This dissertation is motivated by two research questions: (1) How can robots perform a broad range of useful tasks with deformable objects without a time consuming modelling or data collection phase? and (2) How can robots take advantage of information learned while manipulating deformable objects?

To address the first question, I propose a framework for deformable object manipulation that interleaves planning and control, enabling complex manipulation tasks without relying on high-fidelity modeling or simulation. Each part of the framework uses a different representation of the deformable object that is well suited for the specific requirements of each component. The key idea behind these techniques is that we do not need to explicitly model and control every part of the deformable object, instead relying on the object's natural compliance in many situations.

For the second question, I consider the two major components of my framework and examine what can cause failure in each. The goal then is to learn from experience gathered while performing tasks in order to avoid making the same mistake again and again. To this end I formulate the controller's task as a Multi-Armed Bandit problem, enabling the controller to chose models based on the current circumstances. For the planner, I present a method to learn when we can rely on the robot's model of the deformable object, enabling the planner to avoid generating plans that are infeasible.

This framework is demonstrated in simulation with free floating grippers as well as on a 16 DoF physical robot, where reachability and dual-arm constraints make the tasks more difficult.
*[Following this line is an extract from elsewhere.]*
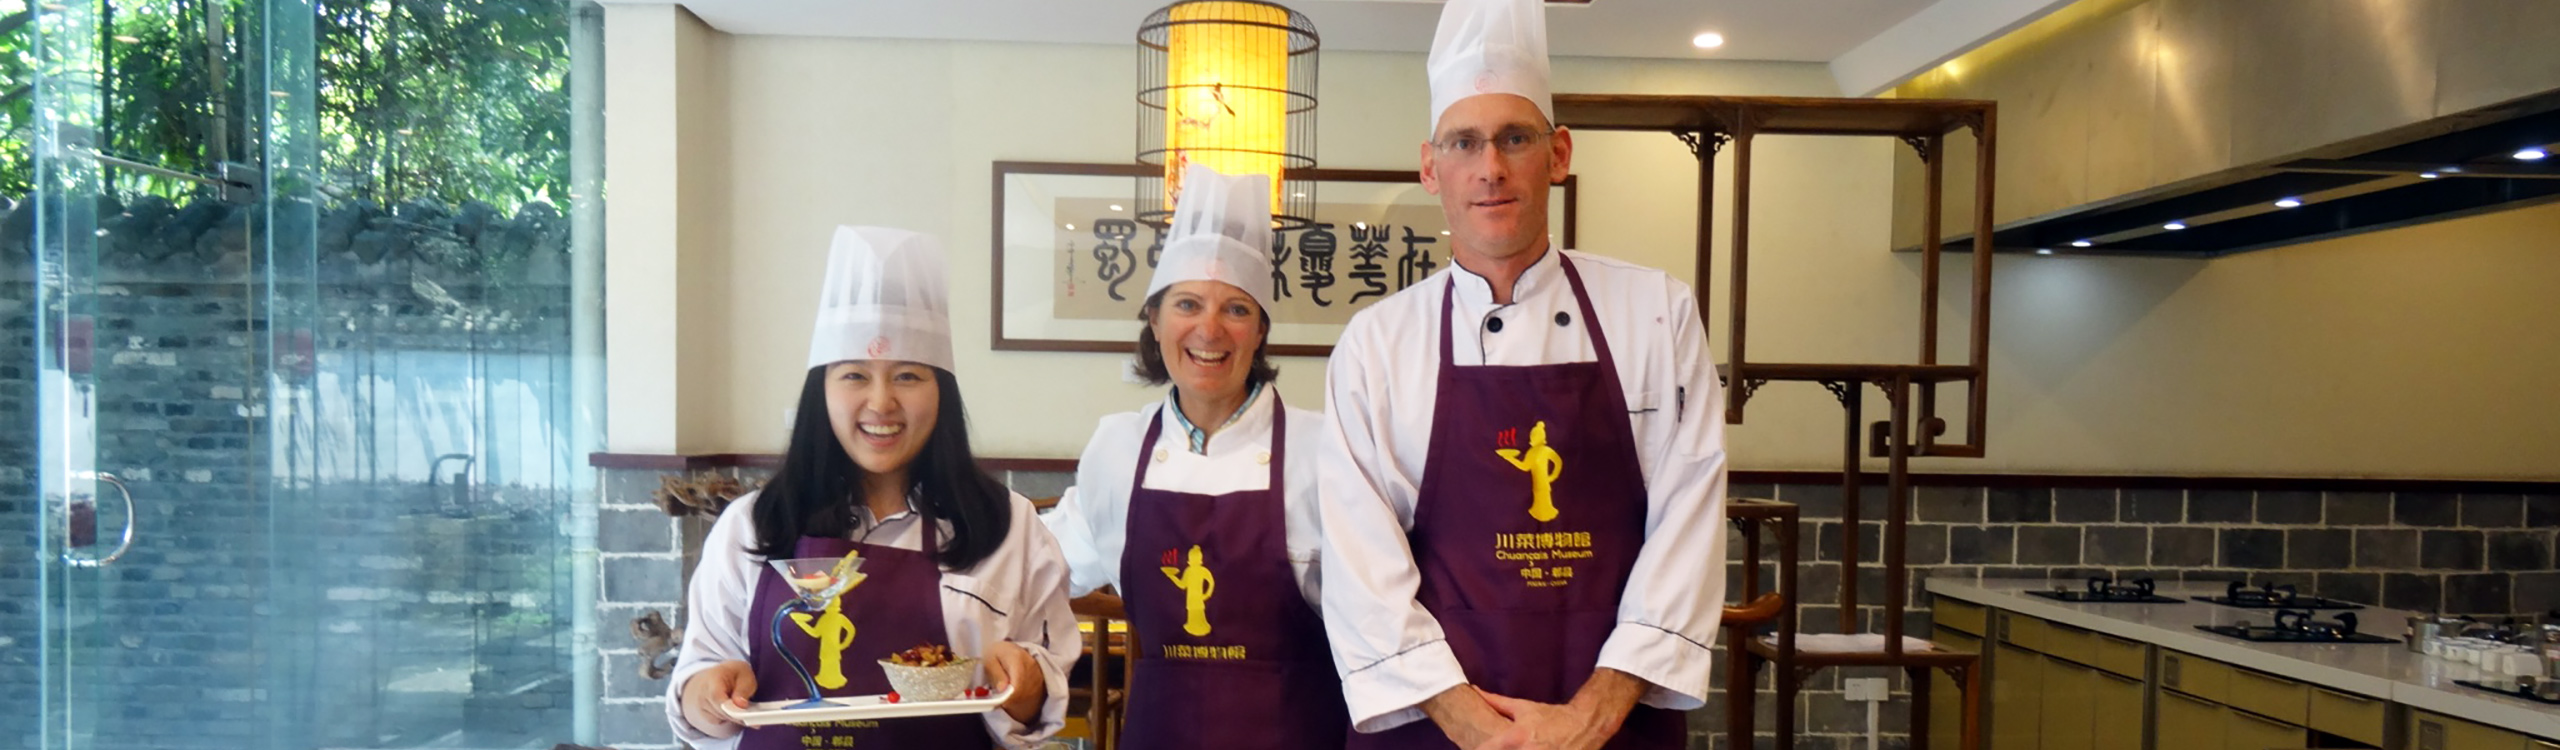 China Foodie Tour

Dale's research interest include machine learning, controls, and motion planning. He is currently working on applying ideas from these fields to deformable object manipulation and related topics. In particular Dale is interested in algorithms that enable robots to perform tasks such as folding clothes, or making a bed, that are easy for humans to master, but are extremely challenging for robots. Dale graduated from Carnegie Mellon University with both college and university honors, and is also the recipient of the Frank J. Marshall Scholar Award.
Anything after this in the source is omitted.